I’ve just seen the first really good scary movie of 2024. It’s called Out of Darkness and it’s set 45,000 years ago, in a prehistoric age when the land was “old and dark,” as one of the characters intones over a fire.
Let me just say that I love when this happens, when a cut-above genre movie emerges out of the dreck-y flotsam of the January/February movie season and sets the bar for the rest of the year. Last year it was M3GAN. In 2022 it was X (though we had to wait till March). In 2021, Saint Maud. The all-time example is Get Out in 2017—a still unmatched early-year surprise (that should have won best picture, dammit).
Out of Darkness, which is showing in limited theaters, is a survival tale: Six Paleolithic characters against a dark force hunting them when the sun goes down.
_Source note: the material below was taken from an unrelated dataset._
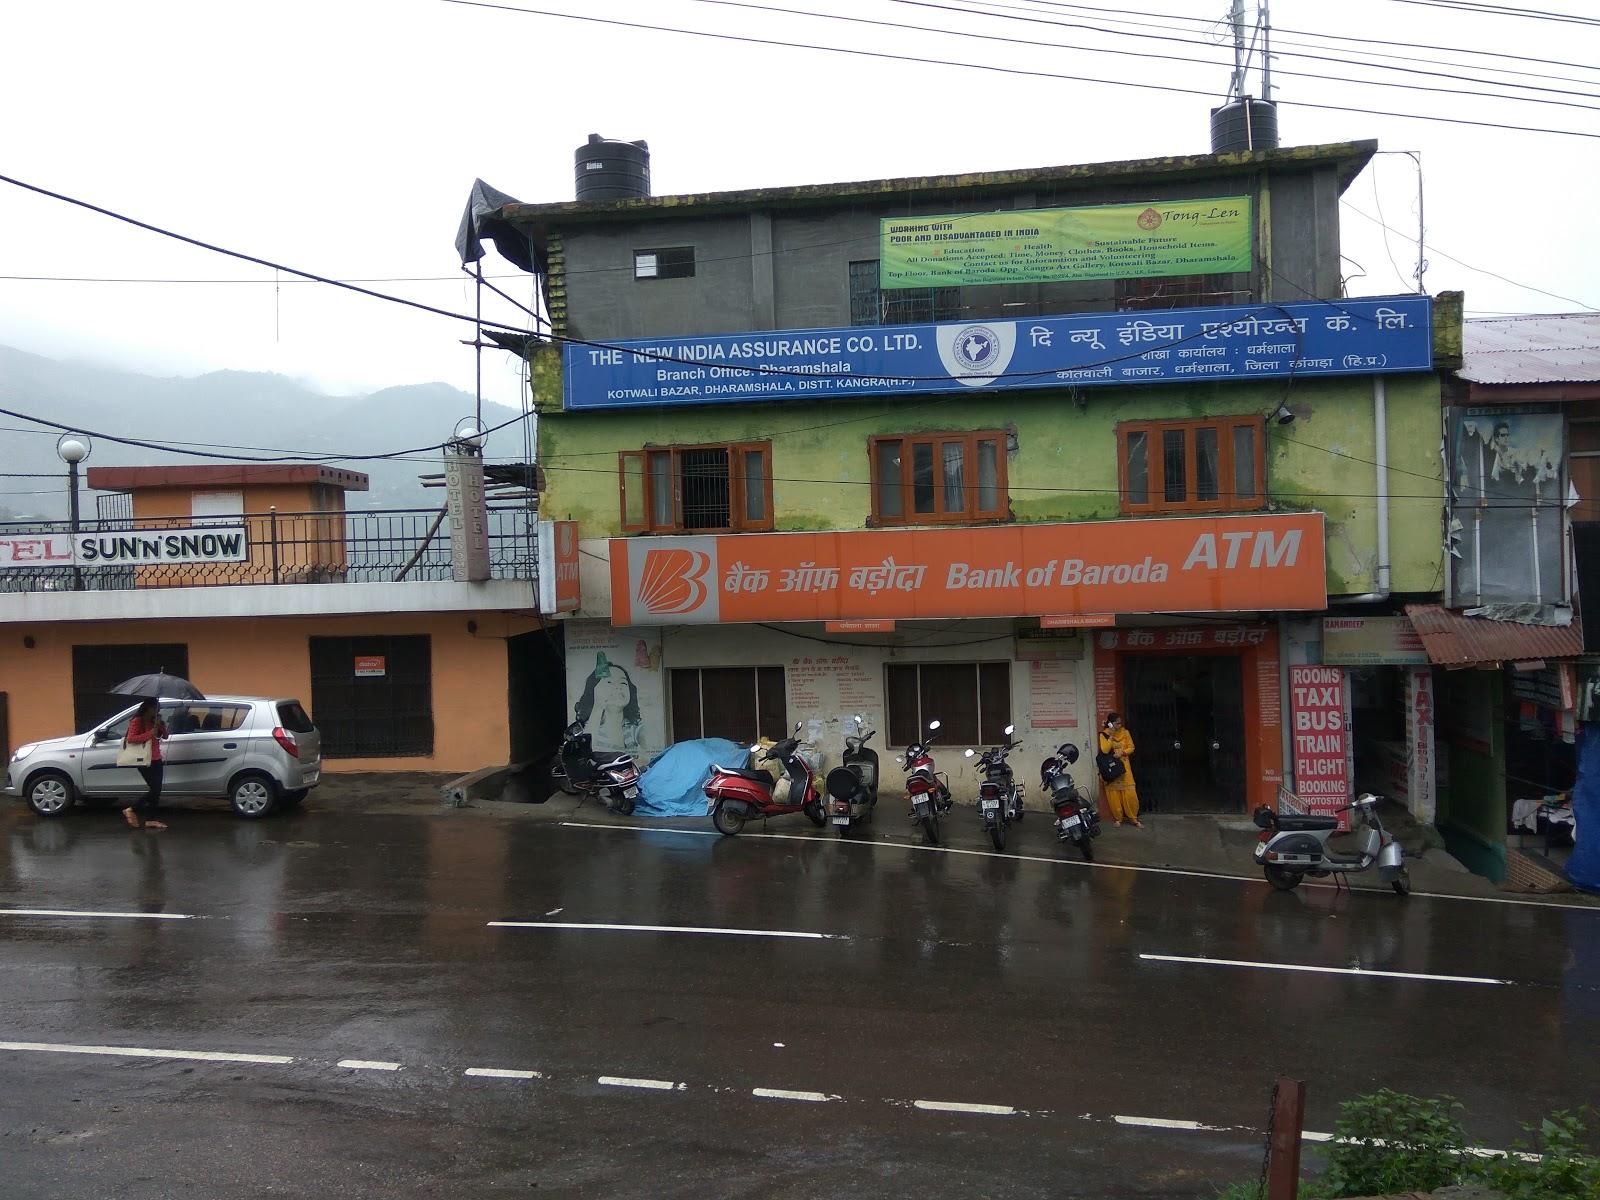 blood bank Bank Of Baroda near Dharamshala Himachal Pradesh

And like any good late-night film, it takes no time to get moving, though let me first set a few things straight. This debut feature from the Scottish director Andrew Cumming is indeed set during the Stone Age, and so the characters speak an (invented) language, one devised with the help of an academic advisor and translated via subtitles. Are you down for 90 minutes of gibberish…or “Tola” (as it’s identified in the press notes, a mix of Arabic and Basque and Sanskrit)? I was first amused, and then quickly impressed with the actors’ fluency and commitment. Another thing: the cast—a highly athletic crew of mostly UK newcomers—do wear furs and tote spears, but it took me a moment to buy they were Paleolithic given how relatively kempt and attractive they all are.
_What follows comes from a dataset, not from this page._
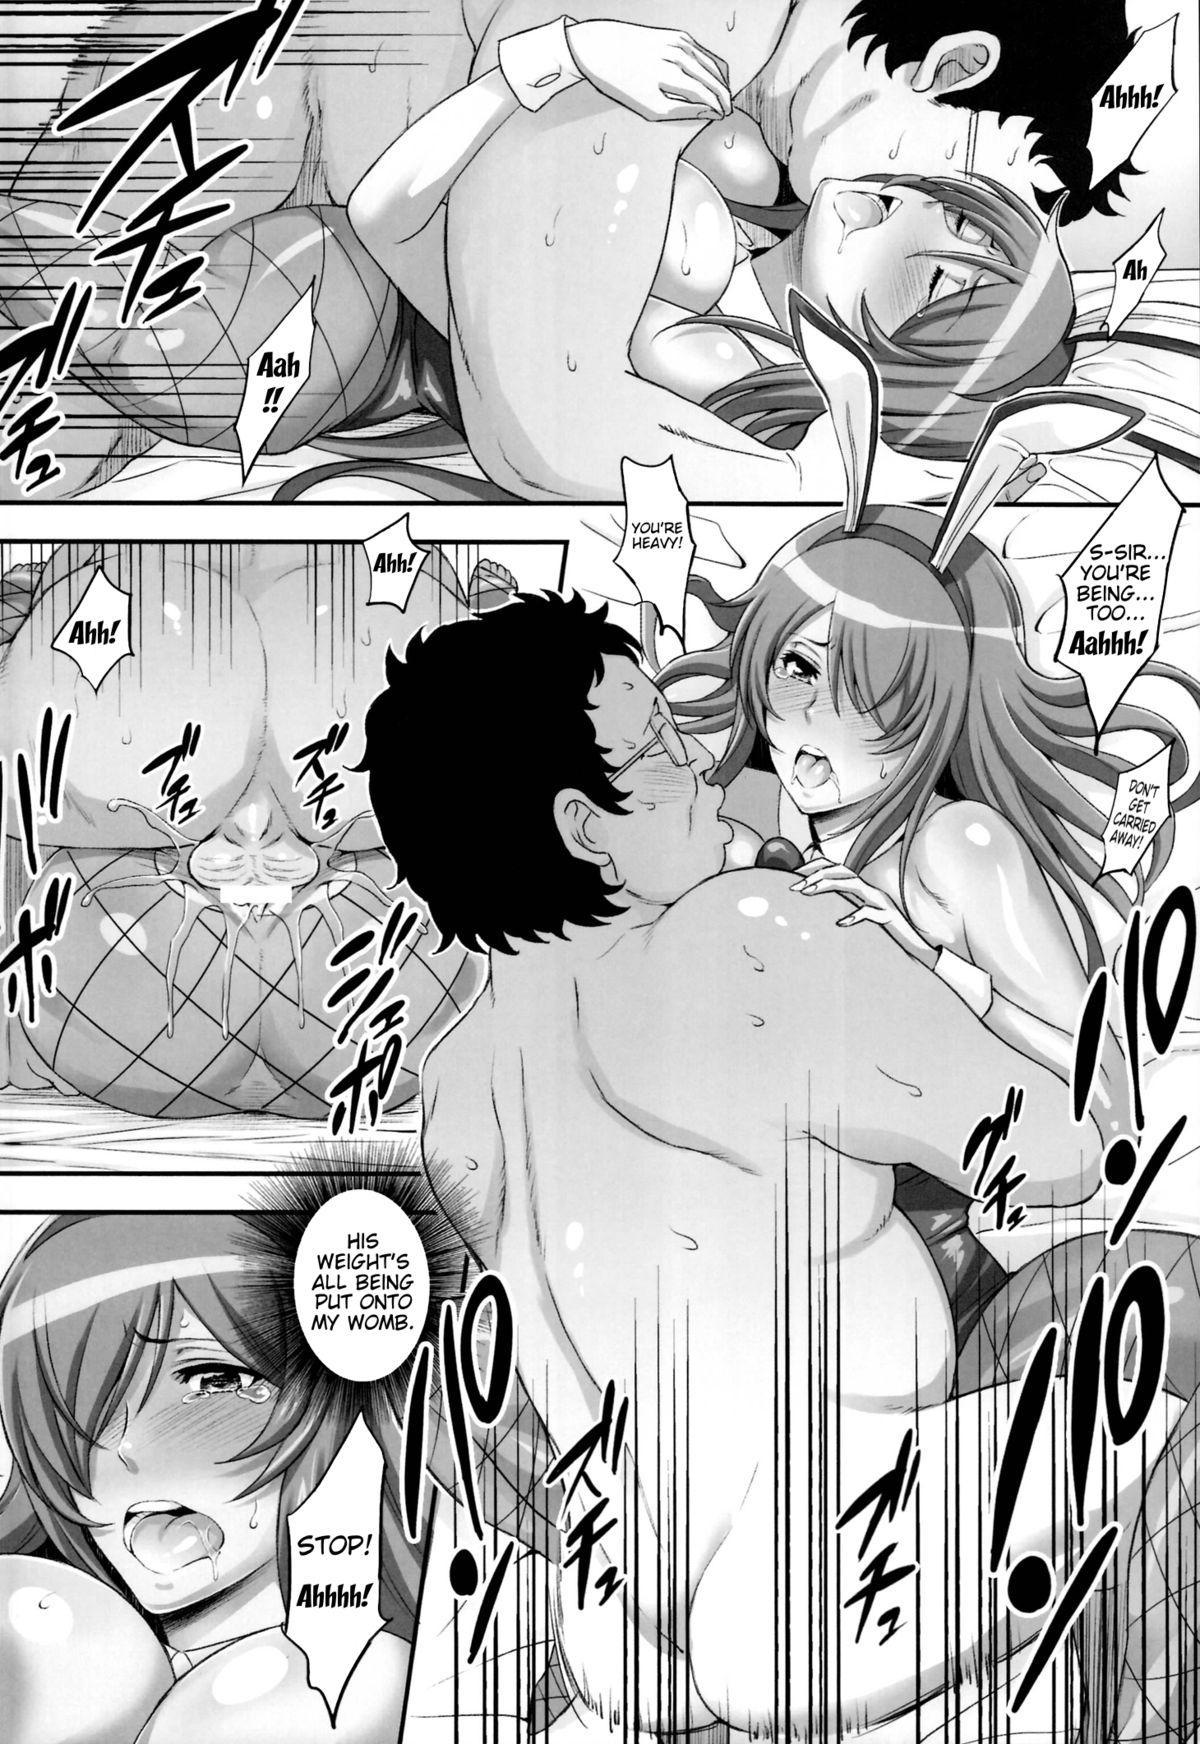 (C86) [Diogenes Club (Haikawa Hemlen)] Shokukan Mankan Zenseki Go Touki Ryoujoku   Shokukan Mankan Zenseki 5 - Princess Rape Battle- Cosplay Kanu (Ikkitousen) [English] {doujin-moe.us} 14

No matter; this movie is a stylish, breathless wonder, shot in the stunning Scottish Highlands in spectral natural light and set to a percussive, thumping score. It’s more thriller than horror film, though there are bouts of visceral violence and when the group plunges into a old-growth forest, the Blair Witch vibes fully descend. The setup is efficiently explained: This small group—two brothers, one with his pregnant partner and his son, plus a teenage hanger-on and a shifty forager—have crossed a sea in search of fertile land, only to find an inhospitable landscape of cold winds and barren earth (Scotland, presumably, but not named). They are starving and desperate to find shelter in distant mountain caves, but something is out there, menacing their route.
I loved how Cumming marries art-house sophistication with crowd-pleasing horror movie tropes—like the way the group is picked off one by one, and the order is in constant doubt. I also loved the way glimpses of the adversary—supernatural, bestial, or something else entirely—are doled out through mist, gloom, and shadow.
The movie looks amazing from the opening scene, but when the group braves the forest to save one of their own, the atmospherics are unparalleled: fugitive light, arboreal murk, and sounds that make you sit up. My only complaint with this beautifully engineered film is that a bit of didacticism creeps into the denouement. I wasn’t sure I needed Out of Darkness to teach me how a civilization is built (in Tola!), but forgive and forget: A movie this joltingly good deserves nothing but credit.